● **Exercise aim**
Repeat each line of the material below exactly as it appears, minus any pictures.

Start of Supplied data

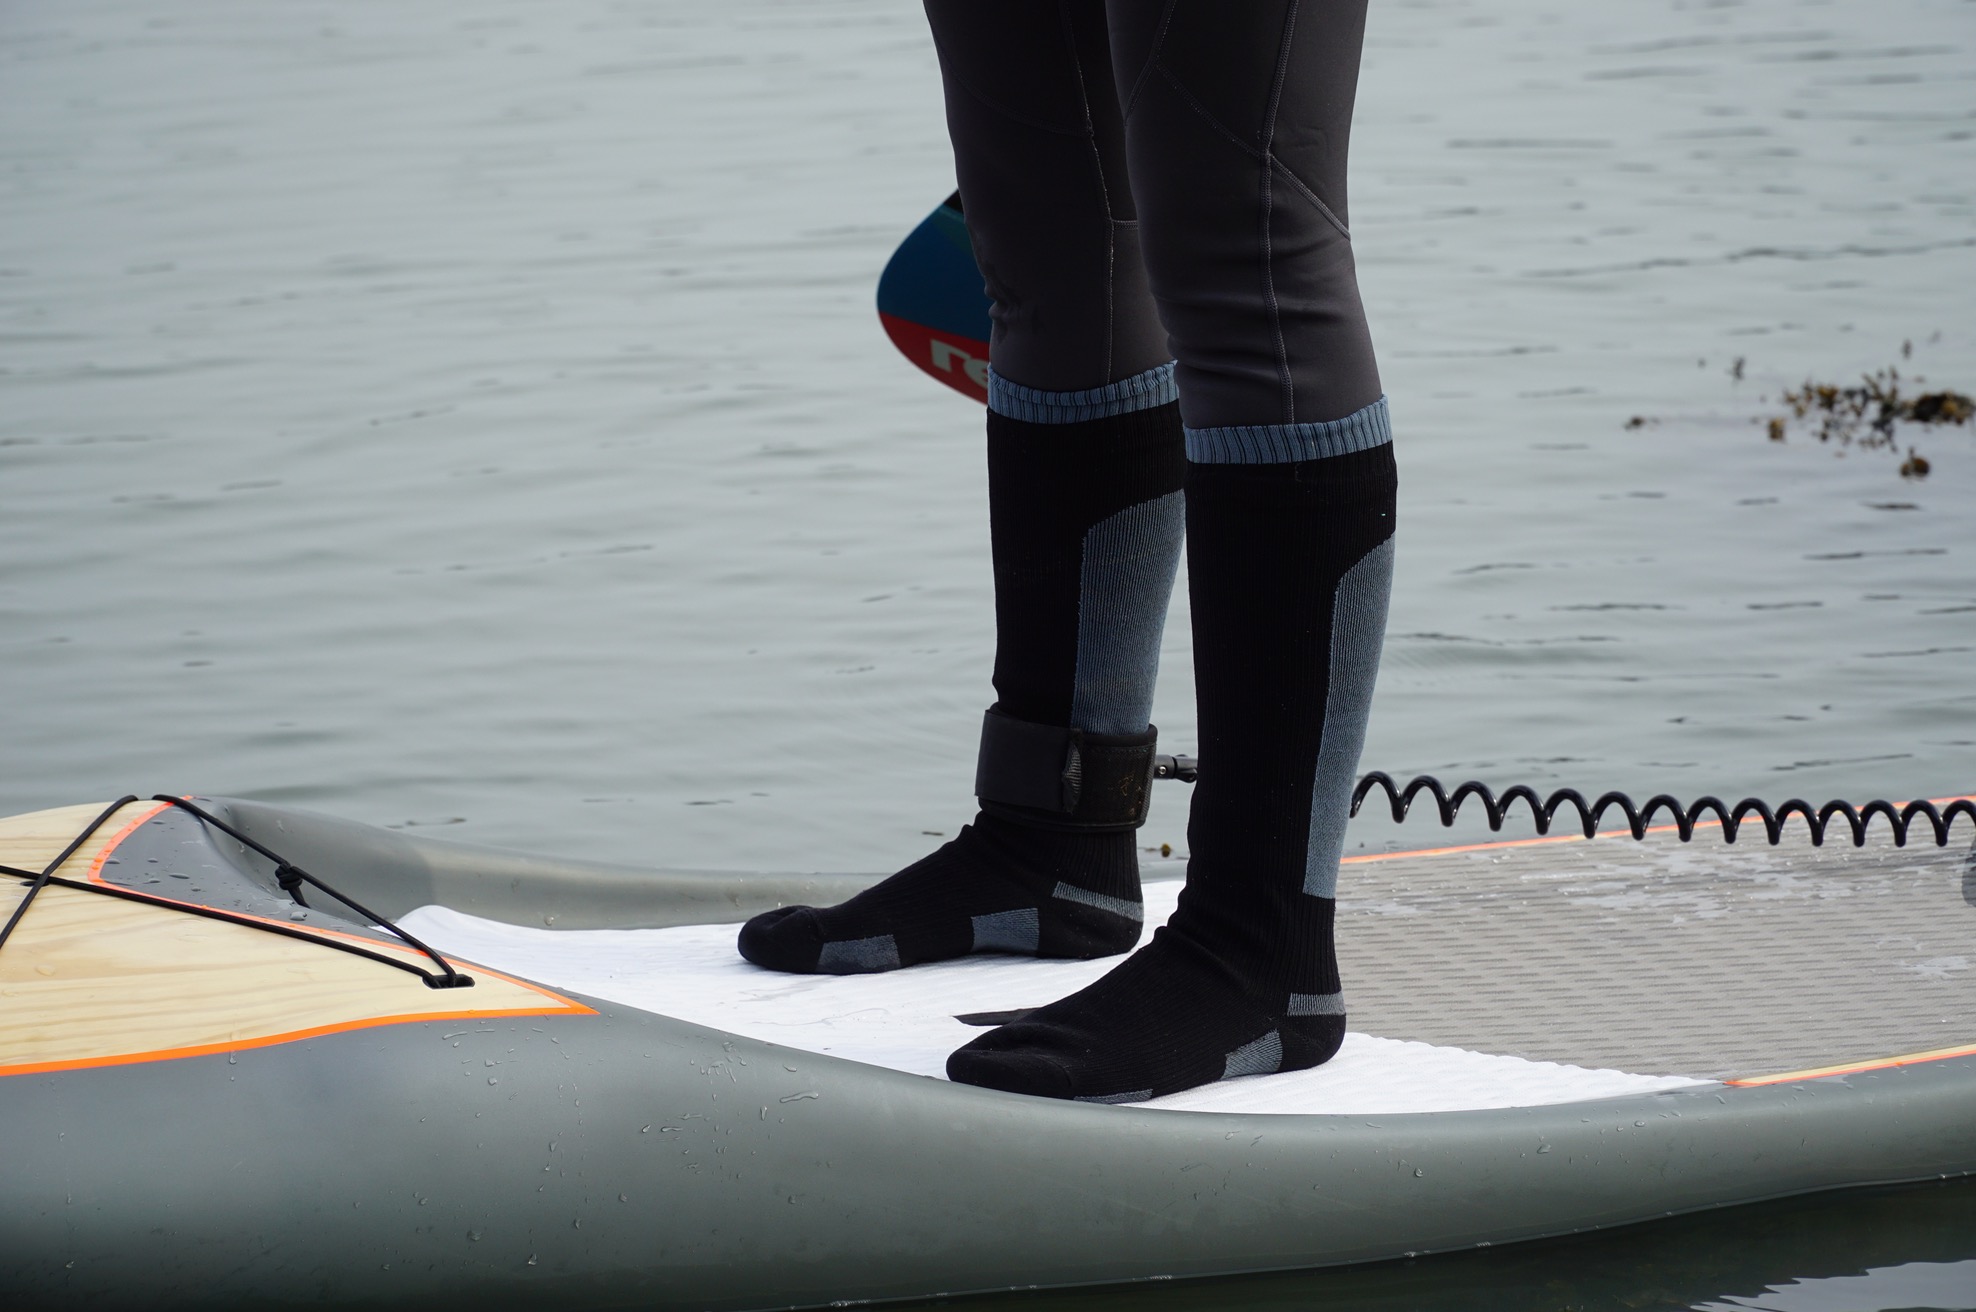 What to wear on your feet paddleboarding? - waterproof socks
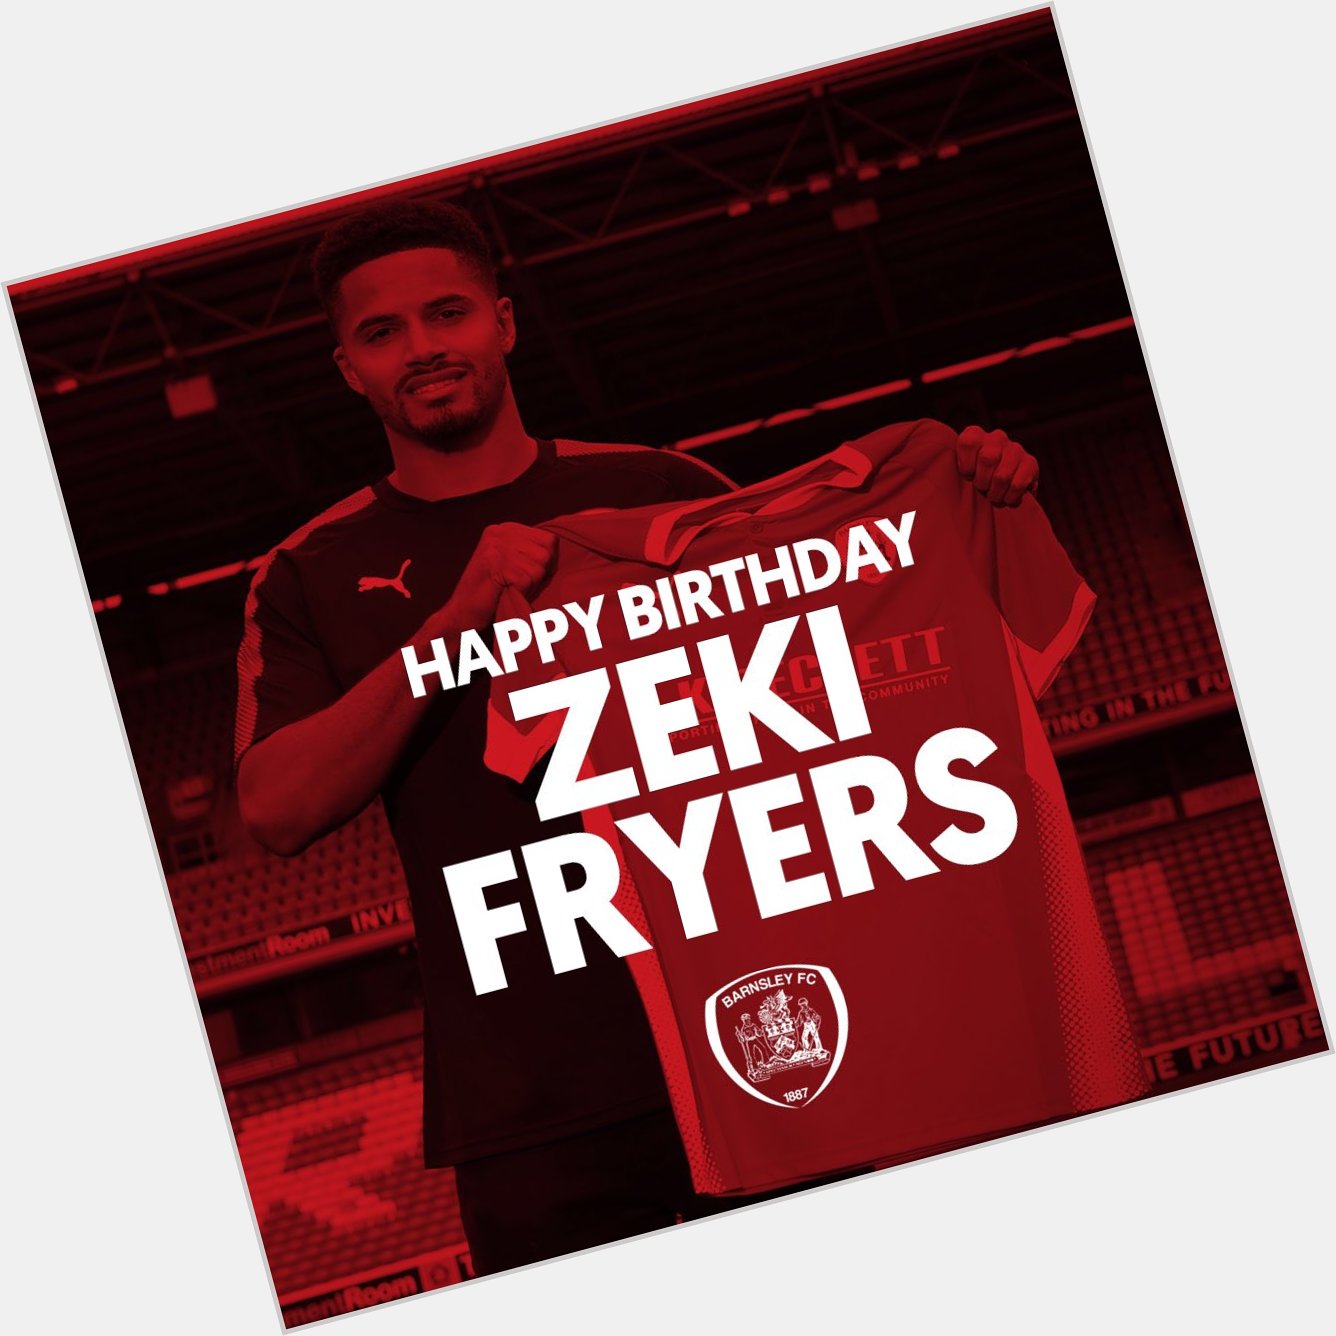 2  5  | We would like to wish Happy Birthday to Reds defender Zeki Fryers!  
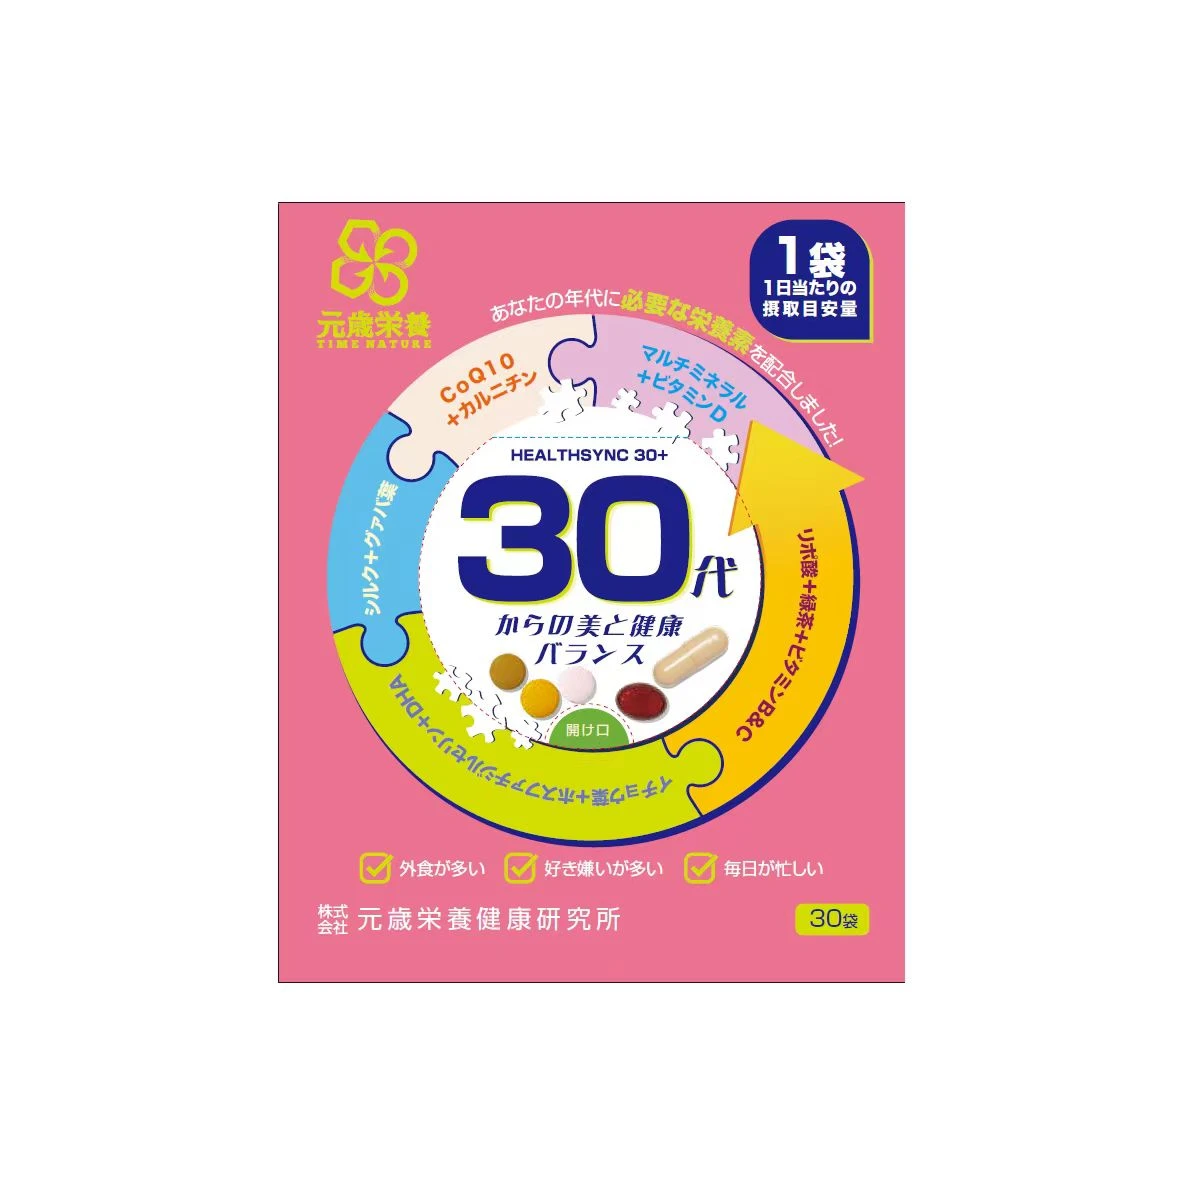 TIME NATURE | 元岁荣养 30代美丽健康营养包 30包,商家Sourcing Plus Intl,价格¥380
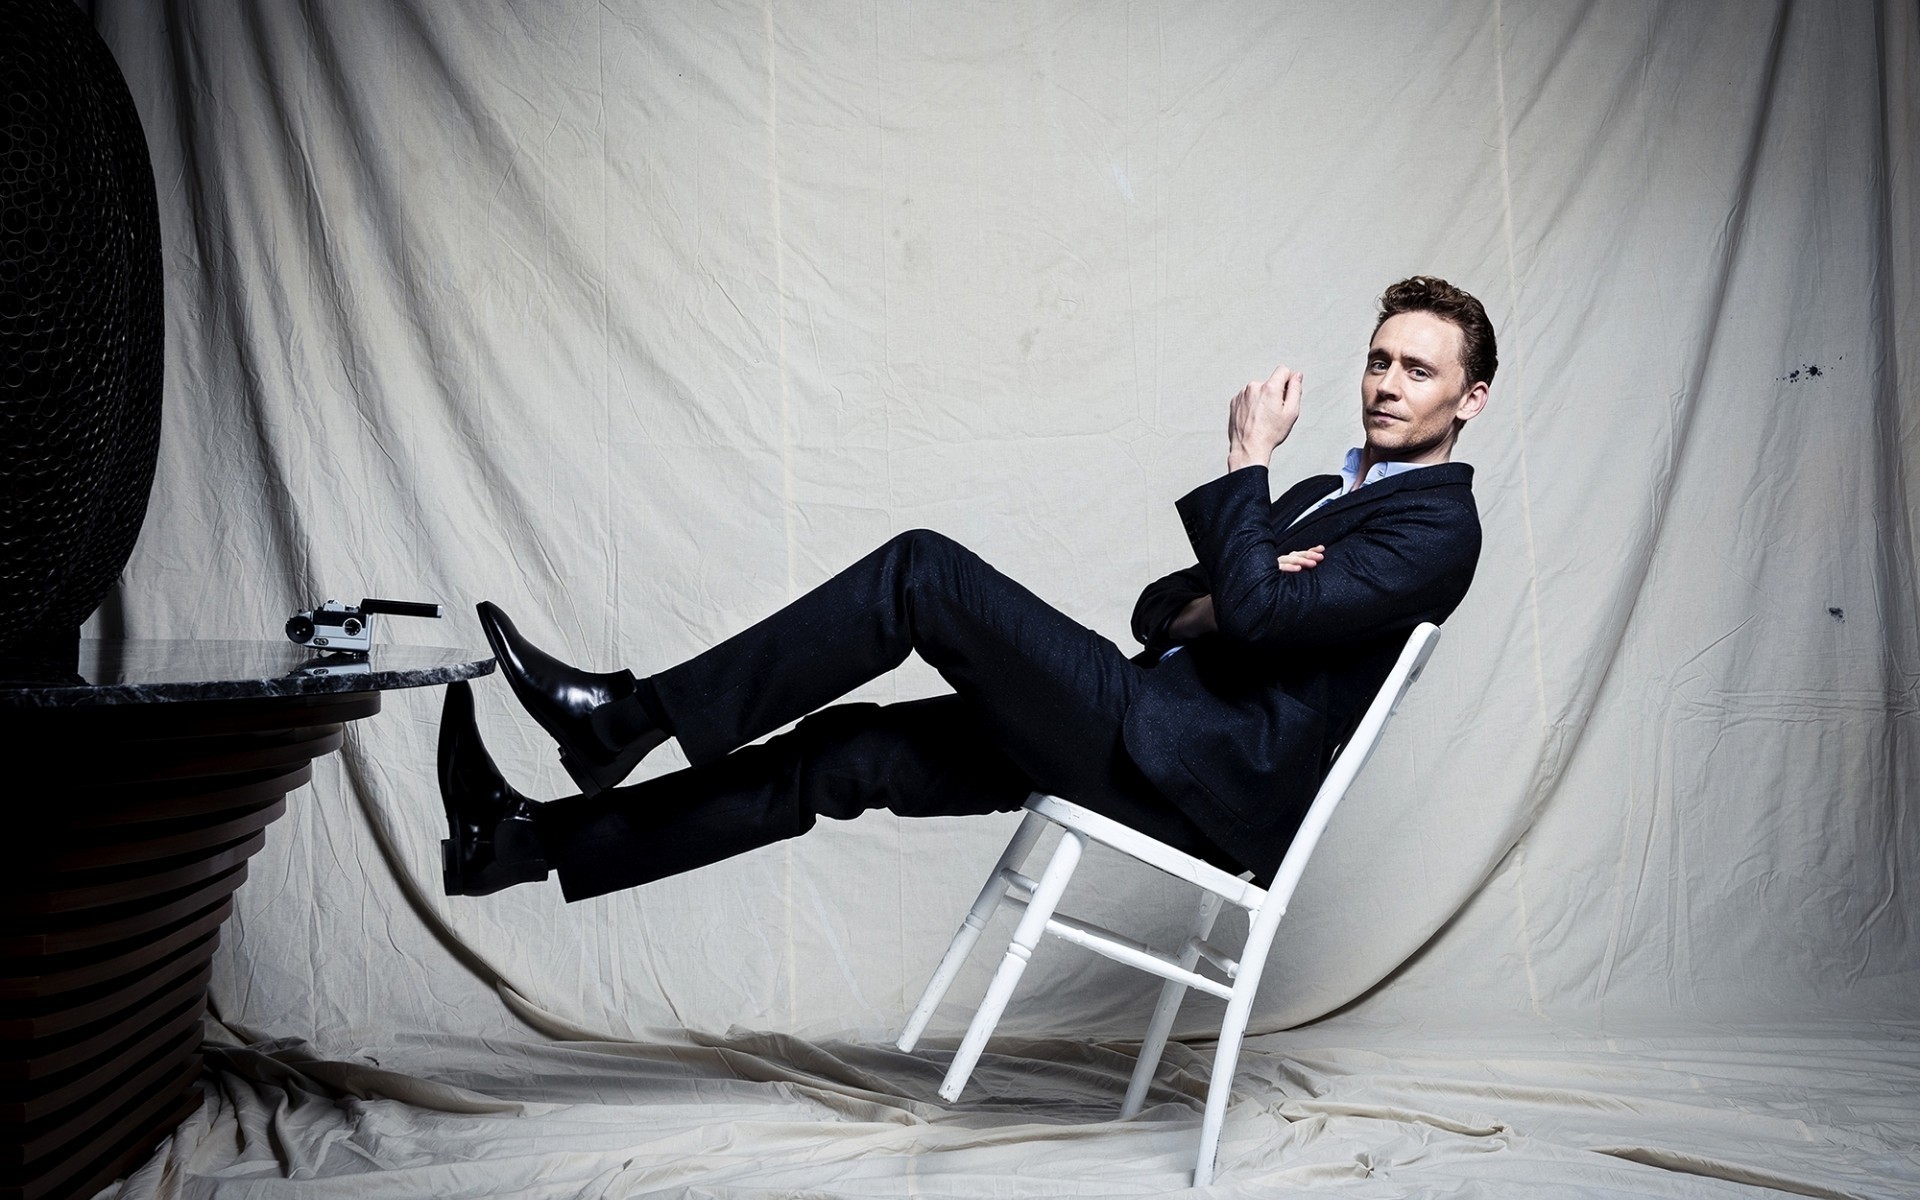 men one adult chair portrait indoors room man seat woman performance tom hiddleston actors celebrity

End of Supplied data

● **Answer area**
 What to wear on your feet paddleboarding? - waterproof socks
 2  5  | We would like to wish Happy Birthday to Reds defender Zeki Fryers!  
 TIME NATURE | 元岁荣养 30代美丽健康营养包 30包,商家Sourcing Plus Intl,价格¥380
 men one adult chair portrait indoors room man seat woman performance tom hiddleston actors celebrity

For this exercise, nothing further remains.